Перемещаемся на природу. Какие тренировки выбирать для активности на улице
15 апреля 2023Занятия спортом на улице не заменят полноценные упражнения в тренажерном зале, но у них и цель другая. В теплое время года тренировки на свежем воздухе — это легкий и бесплатный способ обеспечить организм необходимой физической нагрузкой с оптимальными энергозатратами.
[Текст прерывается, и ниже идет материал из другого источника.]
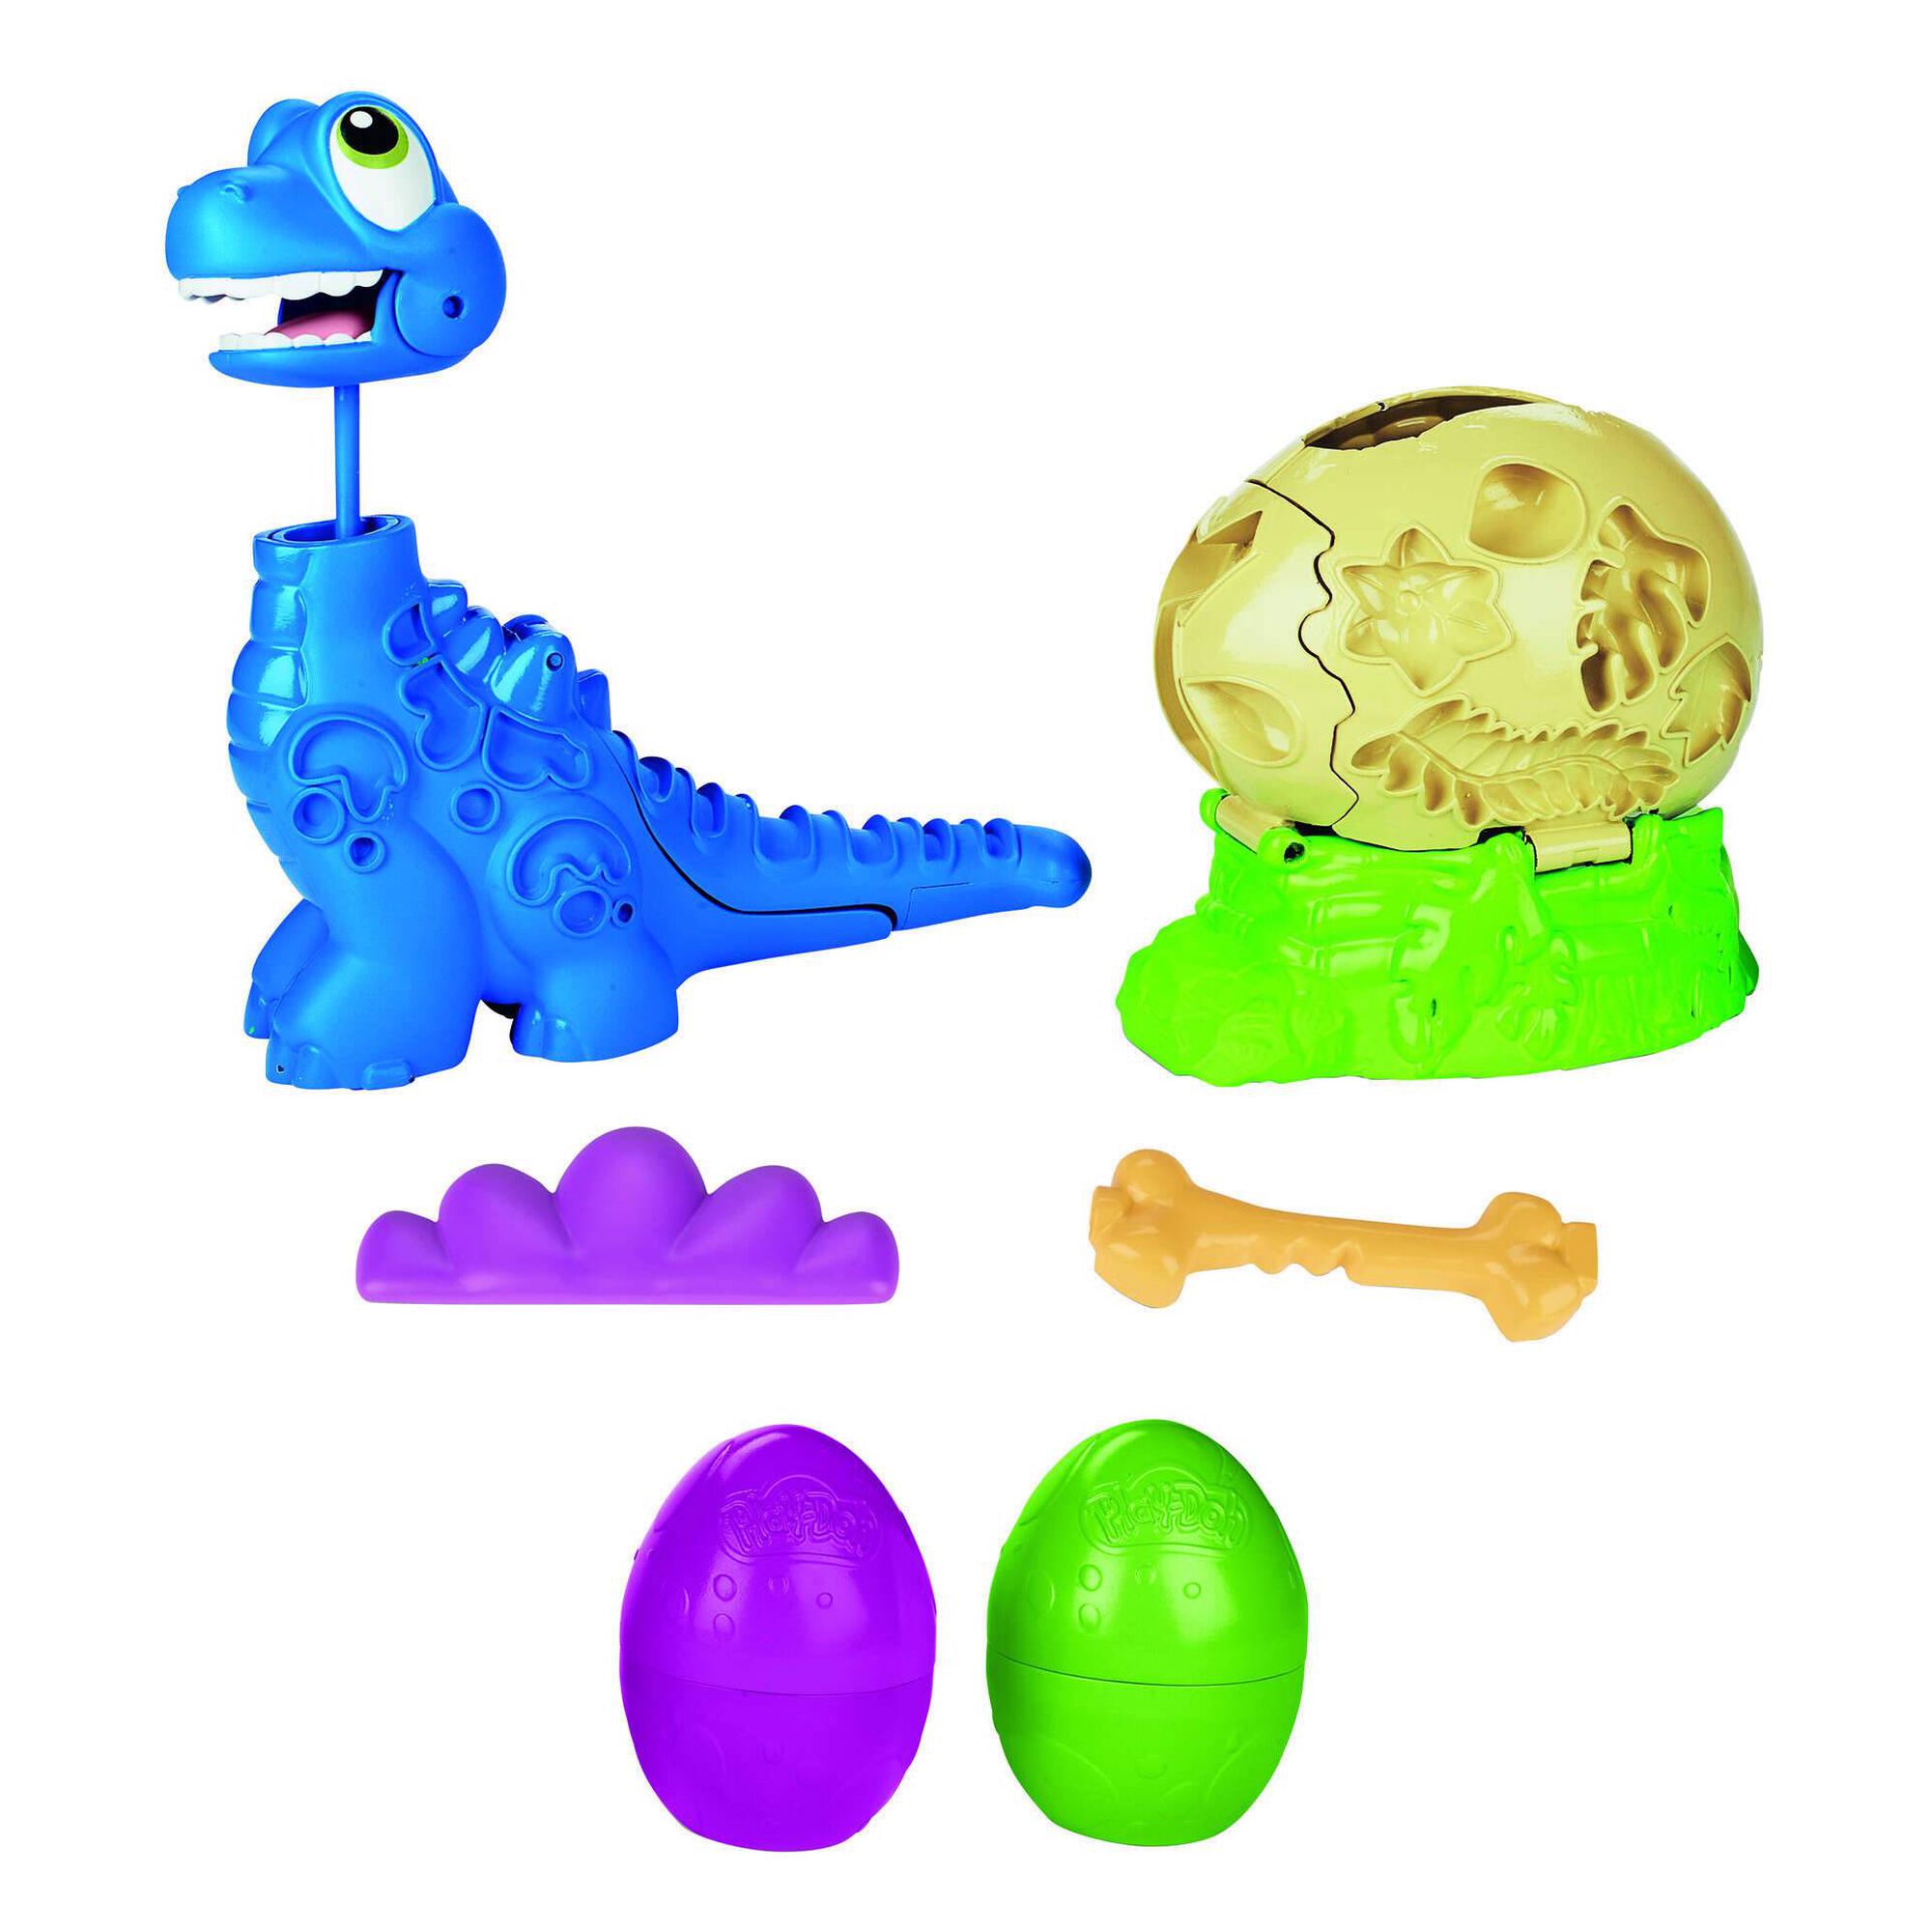 Capacho Desenho - Tiranossauro Rex Toy Story 
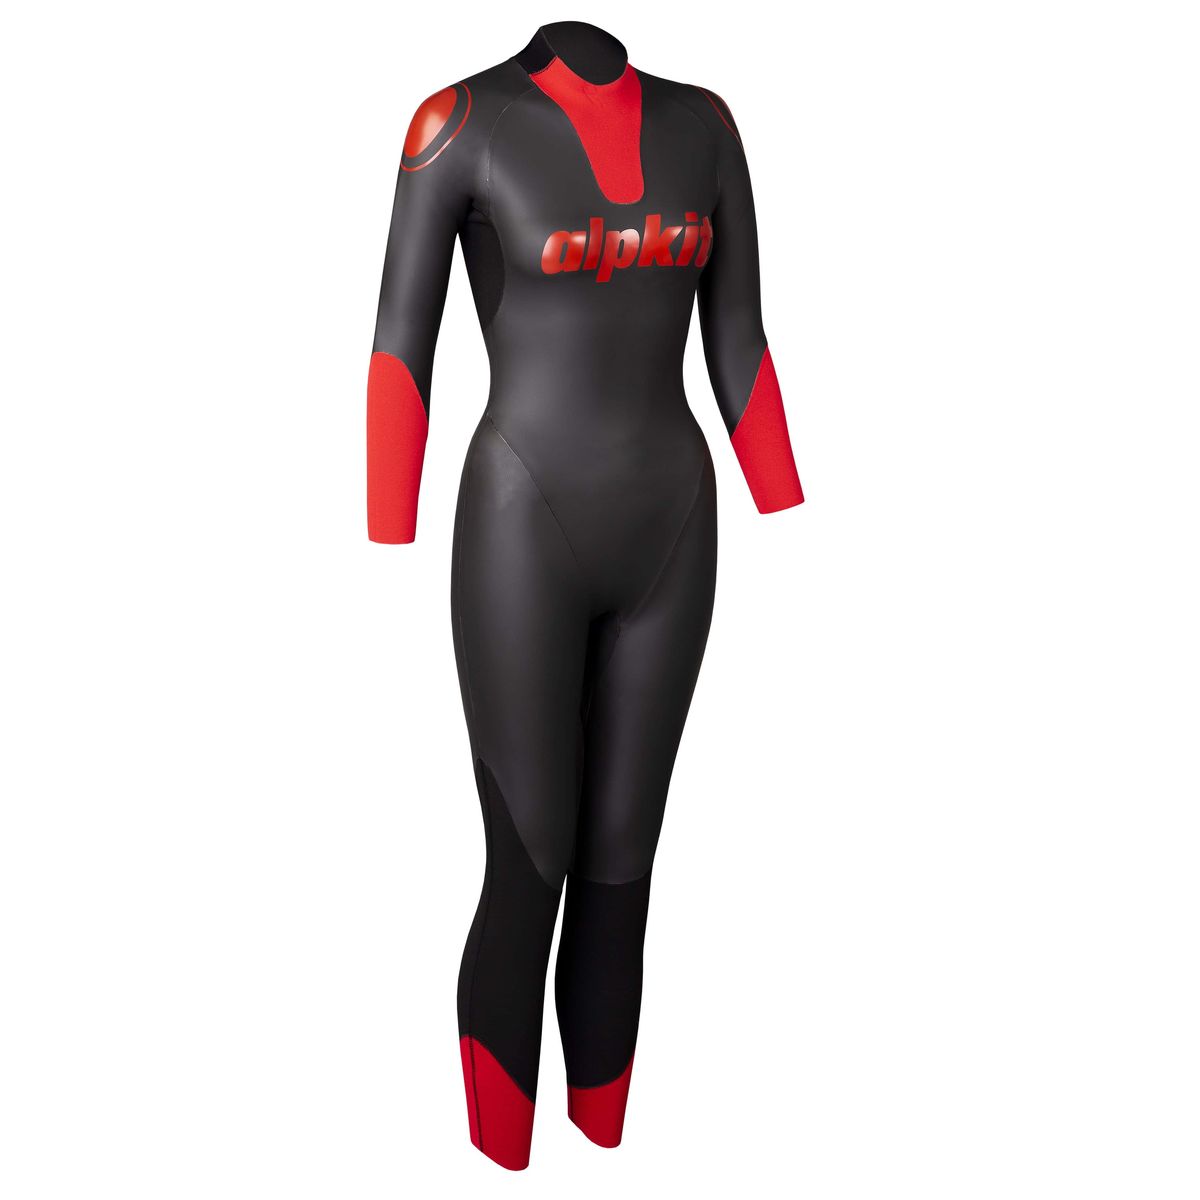 Lotic Swimming Wetsuit (Women's)

Для таких задач подойдет практически любая спортивная площадка, где есть турники, брусья, перекладины, скамейки и другой спортивный инвентарь базового уровня.
Какие упражнения могут применяться в уличной тренировке?
Работа с прессом
Качать мышцы живота можно путем обычного скручивания к коленям, что подойдет новичкам. На воркаут-площадках для прессах предусмотрены специальные скамейки, а если есть достаточно сил, можно опробовать и брусья, которые помогут выполнять подносы коленей к груди.
Перекладина также поможет тренировать пресс, поднимая стопы как можно выше. Но это вариант для более опытных любителей спорта. В любом случае важно не допускать распространенную ошибку: просто сгибать-разгибать ноги в тазобедренном суставе недостаточно. Таким образом тренируется лишь прямая мышца бедра, а задействовать необходимо и мышцы живота.
Отжимания

От пола отжиматься не лучший вариант. Это не каждый осилит, и на полу может быть грязно. А вот та же перекладина со скамейкой вполне подойдут. Даже от дерева можно отжиматься, в том числе с боковых сторон задействуя по одной руке.
Проработать трицепс помогут и обратные отжимания, когда корпус идет рядом со скамьей. Локти при этом не должны разъезжаться по сторонам.

Подтягивания
Обычные подтягивания хорошо прокачивают мышцы рук, спину и в целом повышают мышечную выносливость. Но выполнять их нужно качественно: руки расставляются на ширину плеч, тело подтягивается без скрещивания ног и без рывков.
Для спинных мышц особенно полезны подтягивания к перекладине из положения лежа.
Приседания
Кроме обычного формата приседаний стоит включить в программу две разновидности.
Первый вариант ориентирован на проработку передней части бедра. С упором на голень необходимо отклонять тело назад, выполняя сгибы в коленях и приседая.
Второй вариант - приседания с прыжком. Это обычные приседания, но с выпрыгиванием на подъеме. Данное упражнение эффективно воздействует практически на все мышцы ног.
Выпады

Обычные выпады с шагом вперед можно улучшать, акцентируя внимание на тех или иных мышцах. К примеру, для проработки ягодиц выполняется небольшой шаг назад, корпус вперед, а голень второй ноги перпендикулярна полу. Можно добавлять и груз, удерживаемый руками.
Жим на брусьях
Классическое упражнение, которое выполняется на руках с небольшим наклоном корпуса вперед. Тело опускается вниз до образования 90-градусного угла в локте. Далее происходит подъем в исходное положение.
Планка
Исходное положение: лежа, руки на ширине плеч. Плечи нужно опустить, а лопатки - свести. Задача в том, чтобы удерживать это положение как можно дольше. Новичкам можно начинать с 30-45 секунд, в дальнейшем постепенно увеличивая это время.
Эффект для пресса и других мышц планка даст в случае, если не будет прогибов в спине.
Легкий бег
И конечно, физические занятия на улице не обойдутся без пробежки. Легким бегом можно завершить тренировку. Причем желательно выполнять это упражнение с "рваным" темпом, то есть с чередующимися периодами ускорения и замедления.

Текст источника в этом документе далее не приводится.